A Vila Nova Conceição possui o metro quadrado mais caro de São Paulo: 13 871 reais (no Leblon, o mais valioso do Rio, é 22 mil). Athina Onassis, a amazona, e Roberto Setúbal são de lá.
Os moradores estão se organizando para impedir a construção de moradias populares. Um terreno seria demarcado como Zeis, Zona Especial de Interesse Social, algo previsto no Plano Diretor que deve ser aprovado na Câmara na semana que vem.
A área era um estacionamento e pertencia ao dono da rede Clóvis Calçados. Estava fechado há alguns anos. A mulher do diretor da associação de moradores fez um alerta: “Moradia social no coração do bairro, e a pouquíssimos quarteirões das nossas crianças”. Uma reunião foi marcada em que foi levantada a possibilidade de se entrar com uma ação judicial.
A situação lembra a de Higienópolis em 2011, quando uma psicóloga externou sua preocupação com a inauguração de uma estação de metrô ali. Atrairia “drogados, mendigos, uma gente diferenciada…”. Houve protestos — o mais notório foi um churrasco. O governo de São Paulo acabou desistindo da obra.

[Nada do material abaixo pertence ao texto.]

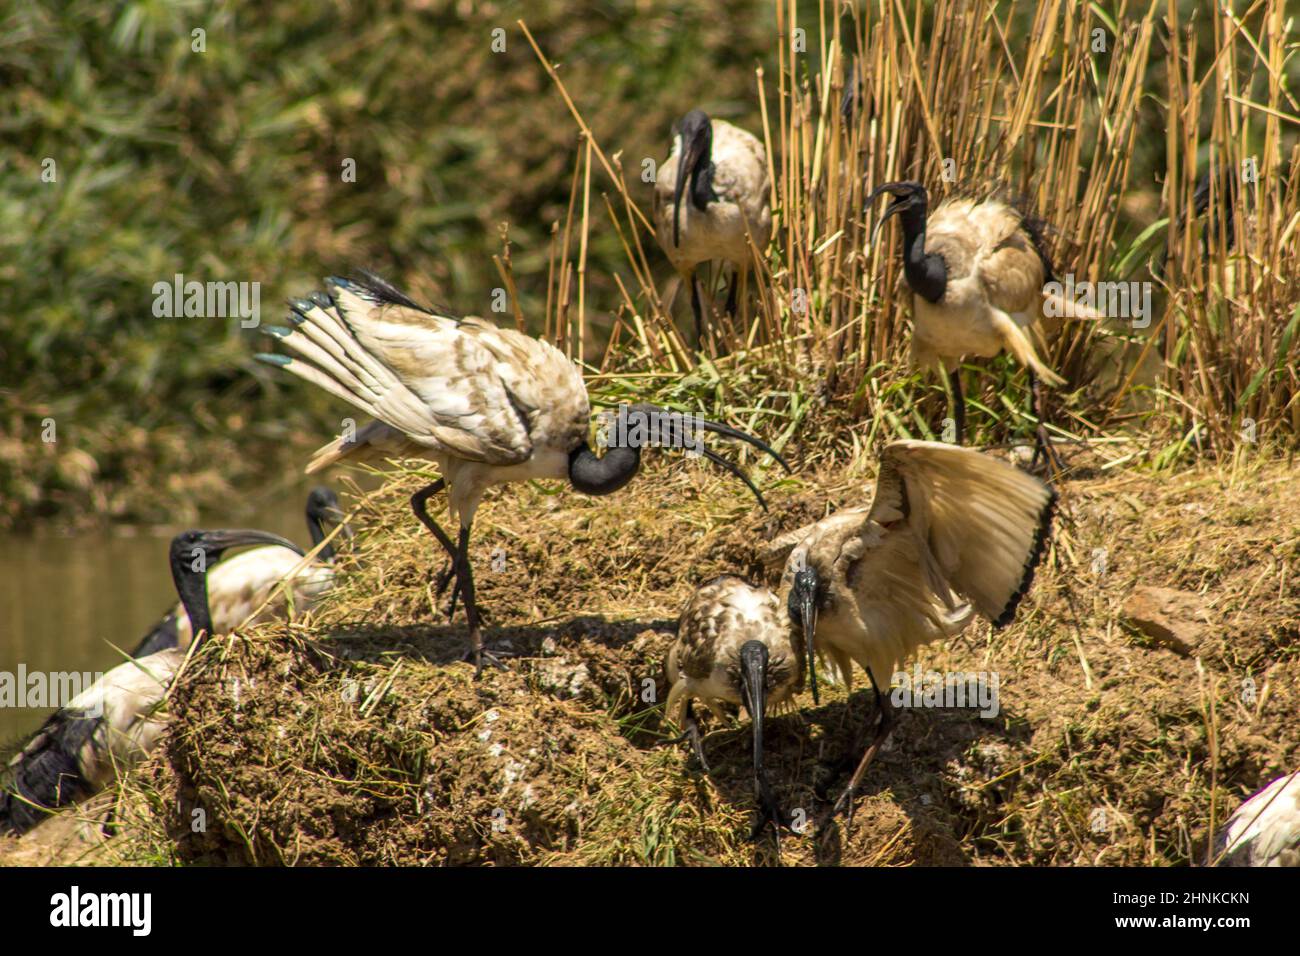 A flock of sacred ibises, interacting with each other and displaying with their wings spread at a birding dam in South Africa. Stock Photo

Entidades de bairros servem para defender os interesses do bairro. Mas os interesses do bairro não podem se sobrepor aos da cidade. Um terreno vazio e abandonado num pedaço nobre de São Paulo não pode ter mais serventia do que uma habitação para moradores de baixa renda. A não ser que o problema sejam os moradores de baixa renda.

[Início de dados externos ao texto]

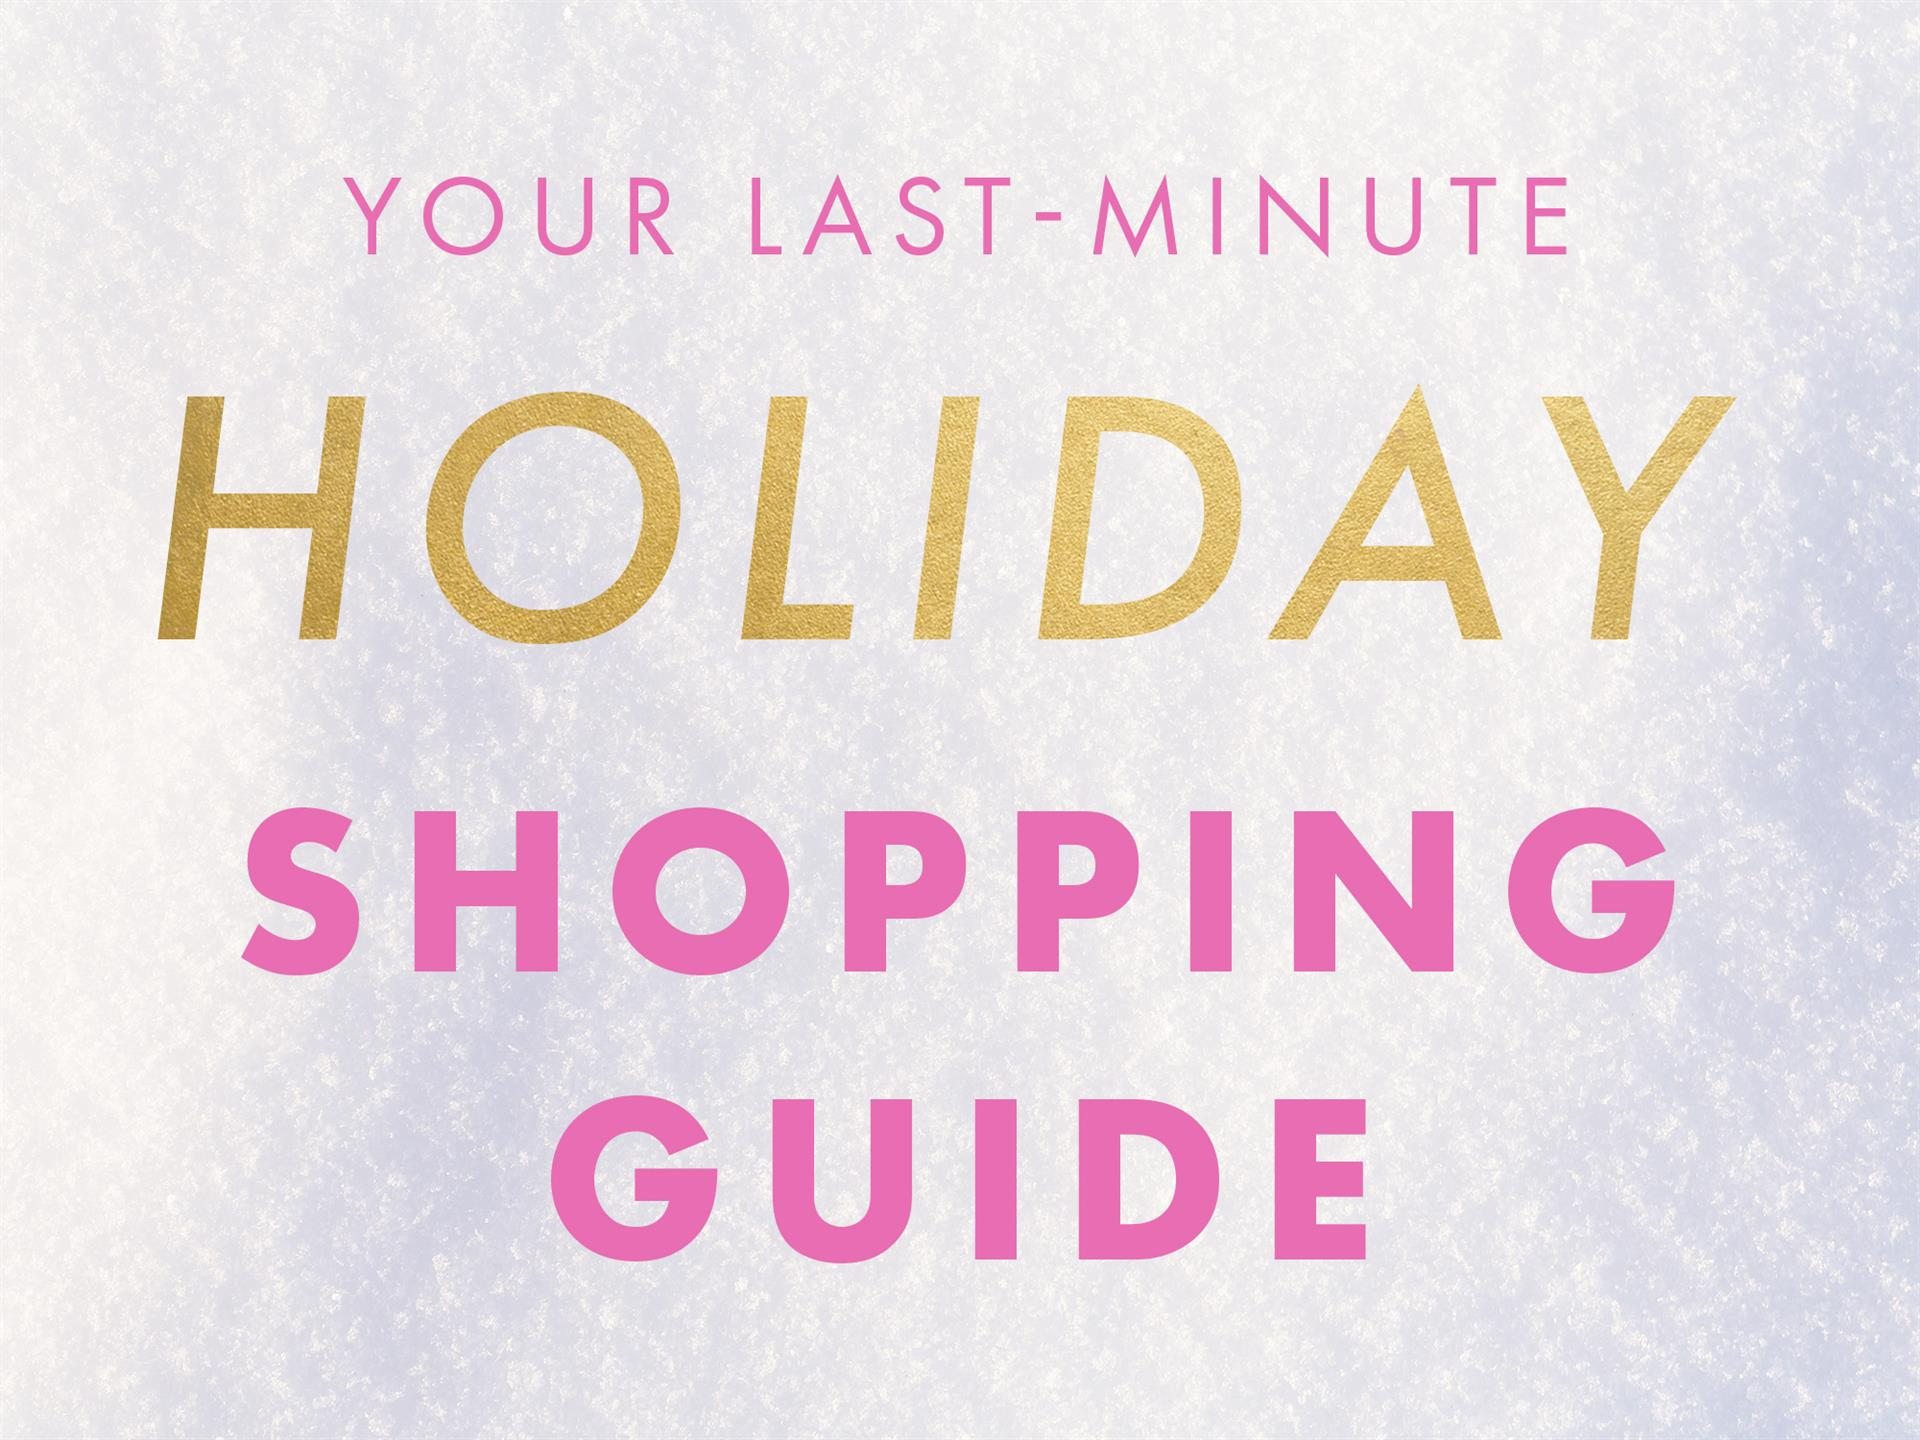 Your Last-Minute Holiday Shopping Guide

Provavelmente a maioria dos habitantes da Vila Nova Conceição vão a Nova York e Paris e pegam, digamos, metrô, com todo tipo de gente diferenciada. De volta à terra natal, isso se torna impossível.
A riqueza de São Paulo e Rio construiu um isolamento, eventualmente disfarçado sob o termo “exclusividade”. O frequentador do Ibirapuera das quintas não é o mesmo dos domingos. Ir ao futebol já foi uma experiência mais democrática. No Morumbi, havia duas opções principais: arquibancada e numerada. A diferença de preço entre elas não era tão grande. Hoje, você pode ficar num camarote, vendo a massa cheirosa de longe.
O filósofo de Harvard Michael Sandel tem um bom ponto sobre essa tendência. “Há cada vez menos lugares onde pessoas de diferentes classes, diferentes etnias e diferentes backgronds podem se encontrar”, disse ele numa palestra em São Paulo. No estádio de beisebol a que ele ia, todos “pegavam a mesma fila para ir ao banheiro, comiam o mesmo cachorro-quente mofado e tomavam a mesma chuva”.
Nas últimas três décadas, aconteceu o que chamou de “camarotização” da vida. “Vivemos, trabalhamos, brincamos em locais diversos. Isso não é bom para a democracia. A democracia não requer igualdade perfeita, mas que pessoas de diferentes origens se encontrem, até se choquem, ao longo da vida diária, porque é dessa forma que aprendemos a negociar e a viver com nossas diferenças e é isso que faz com que nos importemos com o bem comum.”
São Paulo precisa de menos camarotes e seus reis esquisitões.